Also, following Jaehn and Pesch (2013), we report times for solving ILP problem 2 using CPLEX Optimization Studio 20.1. We use the version of problem 2 without redundant constraints as proposed by Koshimura et al. (2022). We tried incorporating custom propagation techniques into CPLEX but could not achieve performance gains compared to default settings. Finally, we note that there exists a benchmark for evaluating heuristic approaches adopted, for example, by Hu et al. (2021) and Lu et al. (2021), but it consists of instances too large to be solved exactly, and therefore we did not use it.

We tested our approach on both real-world and artificial networks. The real-world networks were collected from previous studies found in the literature, and artificial networks are random graphs generated according to specified rules. Jaehn and Pesch (2013) considered two sets of real-world networks. The first set studied by Grötschel and Wakabayashi (1989) was obtained by reducing an object clustering problem to CPP. Some of the networks were published in the article’s appendix, but some were only referenced, so we could not find Companies network. For the network UNO, we got the same results as Grötschel and Wakabayashi (1989), and they are slightly different from the results of Jaehn and Pesch (2013), probably because of the typo in the data. Jaehn and Pesch (2013) mentioned this issue. We present results for these networks in Table 1. In all the tables that follow: in column Nodes, we show the number of nodes considered by the branch-and-bound technique; t indicates execution time in seconds; n is the network’s size; $\overline{Q}$ is a trivial upper bound estimate (3); $Q_{min}$ represents the initial value obtained by a heuristic (Combo in our case); $Q_{max}$ is the upper bound obtained on the first step by using penalizing chains in our algorithm and using triangles in the method of Jaehn and Pesch (2013); $Q_{opt}$ is the optimal solution; asterisk ($^*$) indicates the results of the algorithm proposed here; $t^{CPLEX}$ is execution time for CPLEX; results of Jaehn and Pesch (2013) ($\overline{Q}$, $Q_{min}$, $Q_{max}$, Nodes, t) are taken from their article; better values are shown in bold.

Table 1 Results of evaluation on the first set of real-world networks compiled by Grötschel and Wakabayashi (1989) compared with results of Jaehn and Pesch (2013)

Full size table

It could be seen that all instances were solved by our method within a second. Combo had already found the optimal solution in all cases, and our method was applied only to prove its optimality. There are a few cases where the method of Jaehn and Pesch (2013) was faster due to the quick heuristic they use to construct upper bounds, while our approach had to solve the LP problem. However, we would notice that we did not have to use branch and bound for any network except Workers because the constructed upper bound was already equal to the lower bound found by Combo.

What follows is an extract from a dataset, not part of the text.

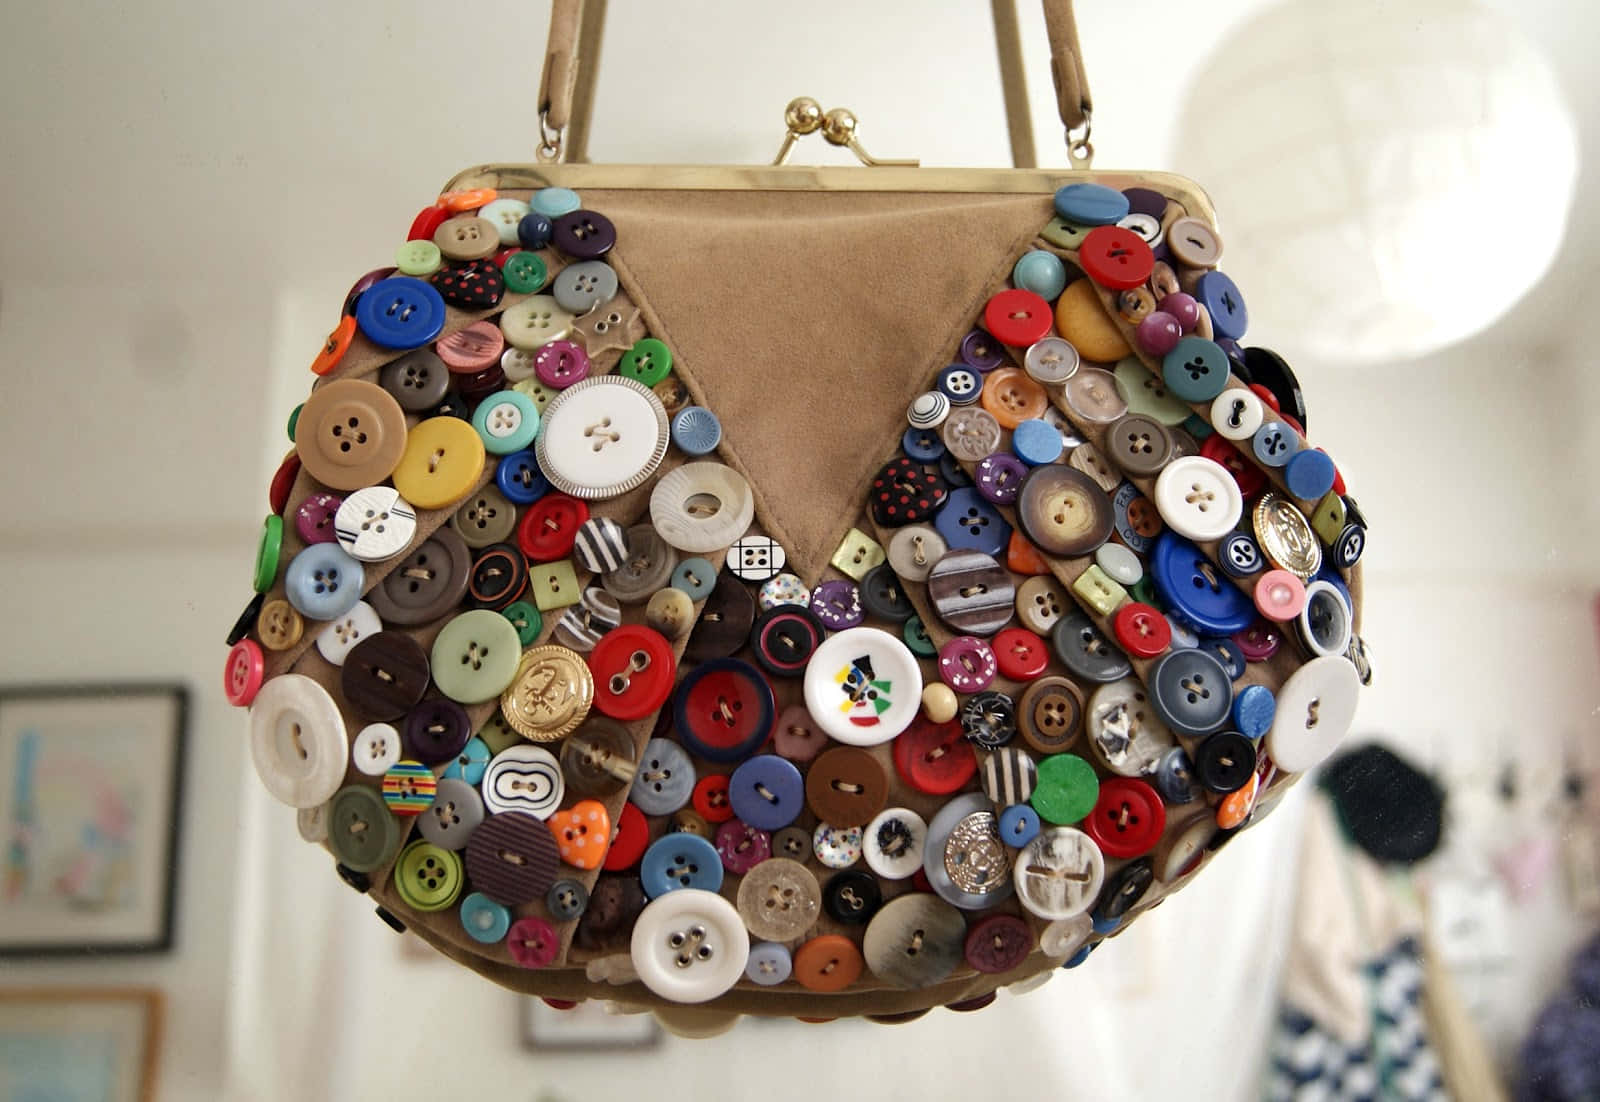 A Bag With Buttons Hanging From It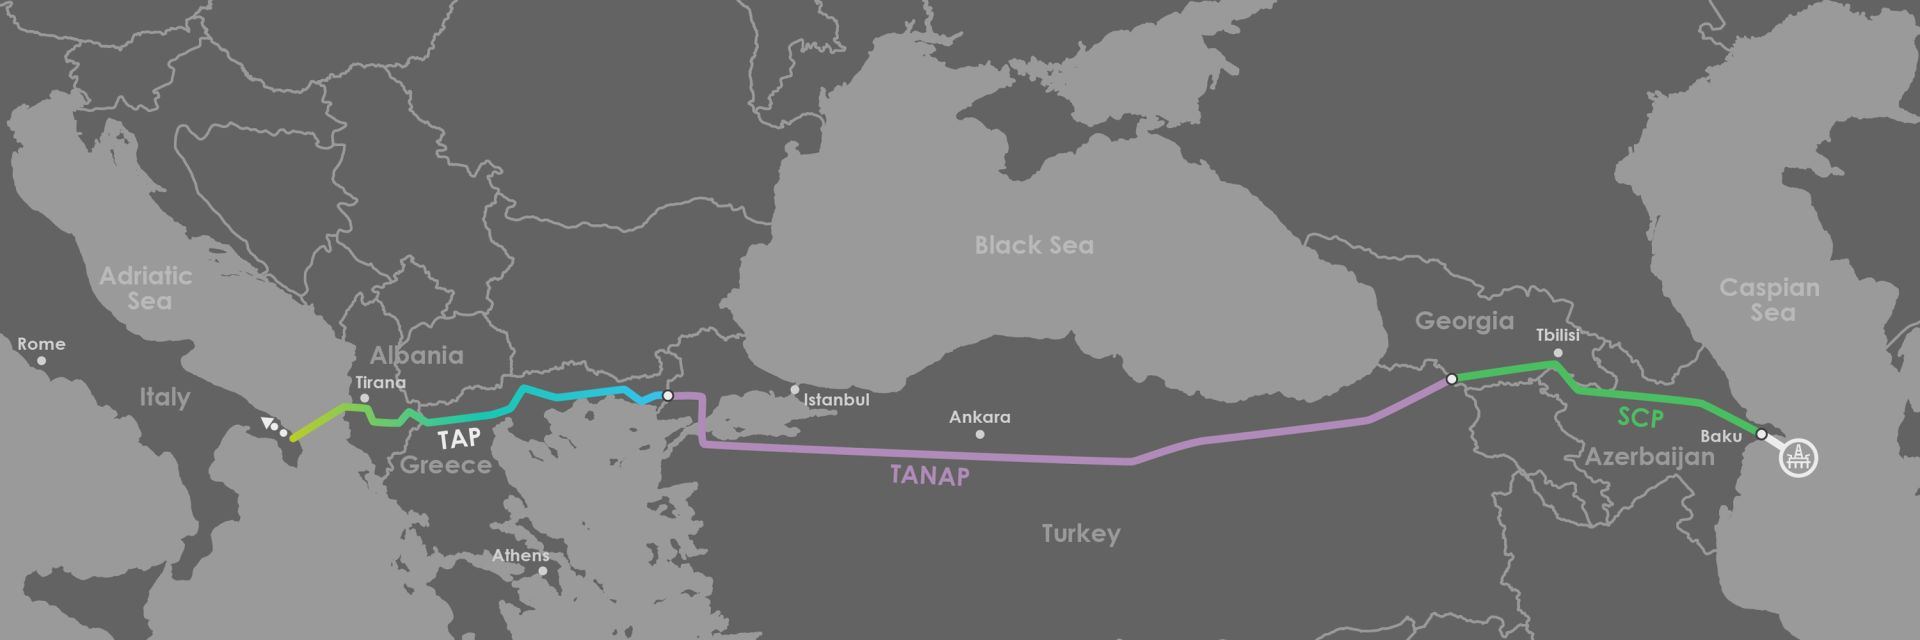 Azerbaijan values partnering with US in expanding Southern Gas Corridor

The second set of real-world networks arises from a part-to-machine assignment problem, which is often encountered in group technology, and was studied by Oosten et al. (2001). Unfortunately, they did not publish their networks and only provided citations to sources. Nevertheless, we obtained five out of the seven networks they considered. These networks are particularly hard to solve because they are bipartite, which means that every triple of nodes has an edge with zero weight, so there are no triangles. Just as Oosten et al. (2001) and Jaehn and Pesch (2013), we quickly solved three easy problems, but unlike them, we also solved MCC and BOC problems, although, CPLEX showed even better time. Summary statistics are present in Table 2, but neither Oosten et al. (2001) nor Jaehn and Pesch (2013) reported their execution time.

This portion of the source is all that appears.